Good for your Father. 

Big powerful breeds, like many of those your Dad has had in the past are given an unjustified bad rap. As a trainer of many of those breeds for various service uses, I am strongly of the opinion (based on extensive experience, not media presentation) that it isn't about the breed, it is all about the owner.

Knowing that your Dad has the experience that he has with powerful breeds, I am sure that he knows exactly how to handle them. Again, good for him.

And, if you get a chance - post some pics!


----------



## HovawartMom

THIS BREED DOESN'T GET ALONG WITH SAME GENDER SO PLEASE,BE CAREFUL OF HIM AND YR BOY,LATER ON,IN LIFE!.
Presas are beautiful and you have some great ones but my attitude is be careful!.
Now,HOW ABOUT SOME PICTURES?.


----------



## paula bedard

Do you know where this pup came from? Was it a reputable Breeder? I'm guessing having purchased the pup at 7 weeks of age, the answer is no. I don't mean to disparage the Breed or your father's new pup, but we've seen what has happened to our beloved Breed when poor breeding practices have produced Golden's with temperament issues and aggression. 
I'd contact a reputable Presa Breeder and get myself fully informed about the Breed and what to expect. Training too.
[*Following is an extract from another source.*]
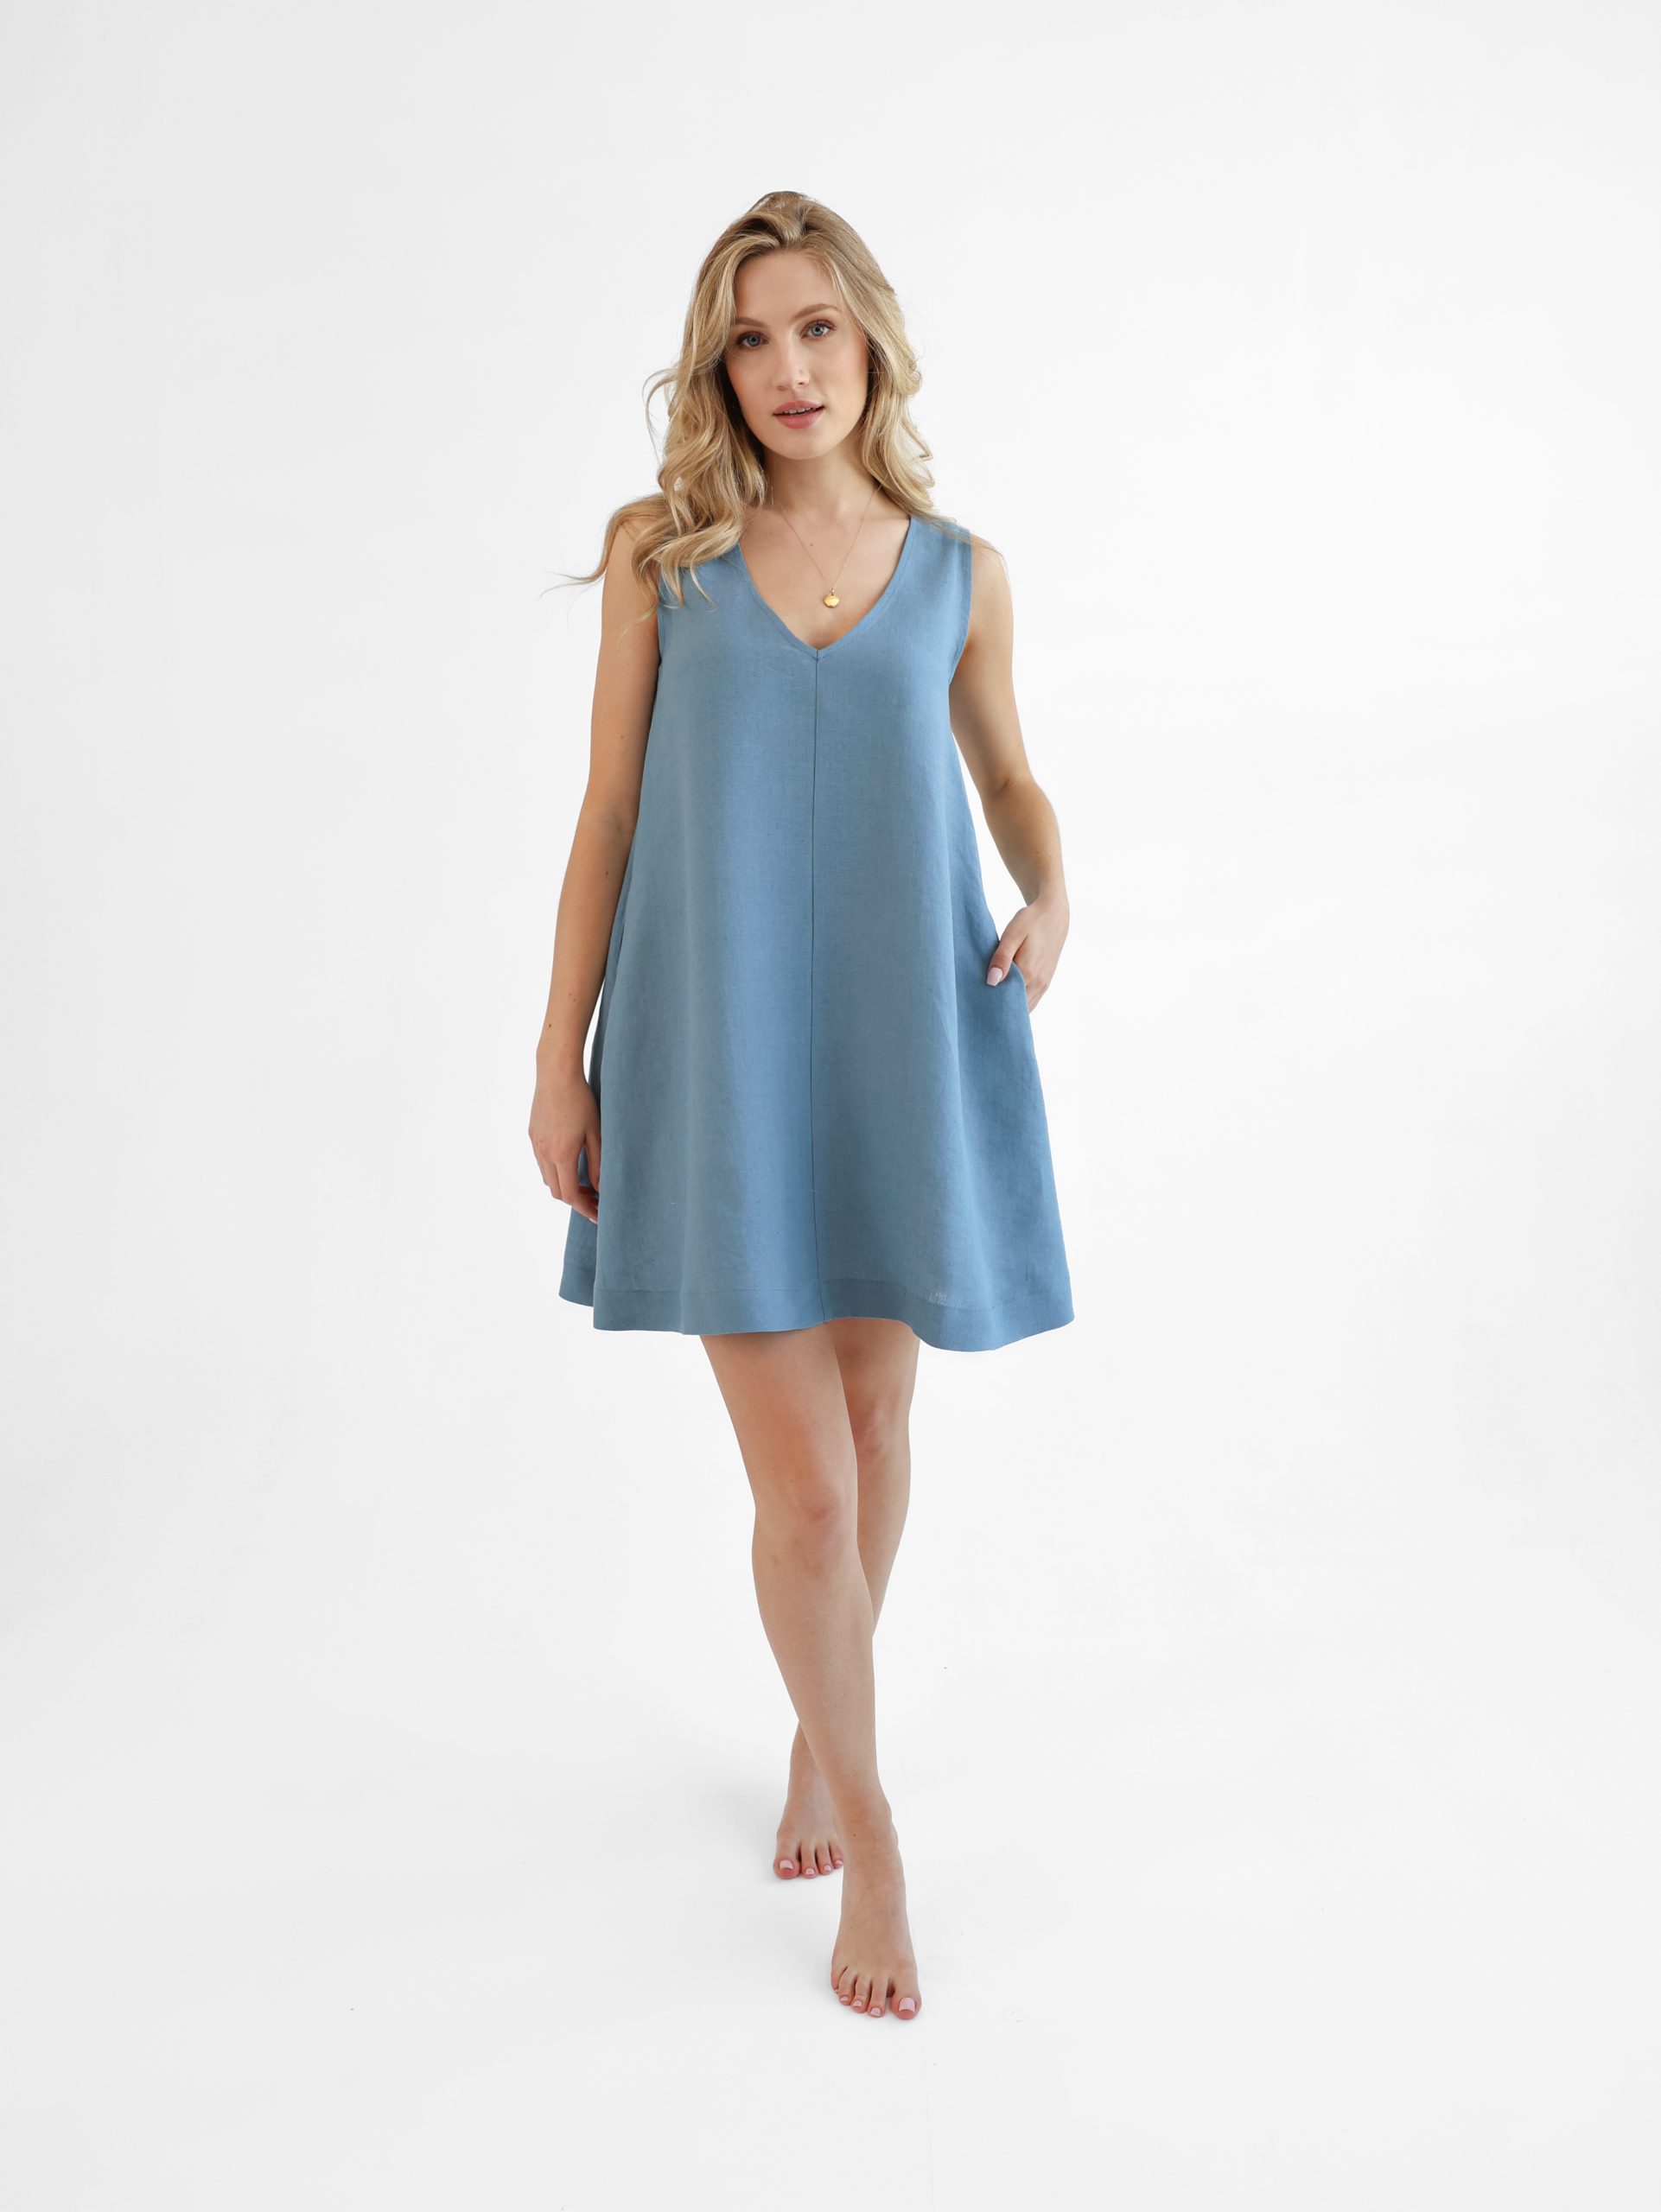 Simple linen dress

Maybe this pup will be fine or maybe he would be best placed with a Presa Rescue....I'd hate to find out too late and someone or another dog gets hurt.


----------



## NuttinButGoldens

O...M....G what powerful looking animal...


----------



## Florabora22

I read a little on the breed and it seems like if it's socialized early in life than things will be okay. The dog is only a puppy, I'd hate to condemn it to a life of shelters simply because of its breed. The OPs father is accustomed to having powerful, willful dogs - I would much rather he have this puppy than a novice dog owner with no idea what they're getting into.

I think it's great that the puppy is getting along with your golden, and I betcha that the socialization is doing wonders for its upbringing. I'd like to see pictures.


----------



## Jo Ellen

Presa Canario's are not comfortable with strangers. What a huge responsibility those who own one have to all those who live near or who come into contact with these dogs. 

Not for any ordinary dog owner, maybe not even for the experienced dog owner. Certainly not for ordinary community living. 

This really gets me .... this is a dangerous dog, period. Good owner, bad owner, any owner. 

Maybe I'm media biased. I challenge someone/anyone here to change my perception. I'll try to be open minded


----------



## esSJay

I've never heard of this breed before but I can say after googling it, it does look pretty intimidating and powerful! 

It sounds like your dad has had some other relatively similar breeds (i.e. intimidating & powerful) in the past, so I am sure he will be using lots of that experience (and maybe a professional trainer too) to take the time to train the new pup! I'm with *Deuce* on this one and I believe that most of the time it's about the owner and not the dog.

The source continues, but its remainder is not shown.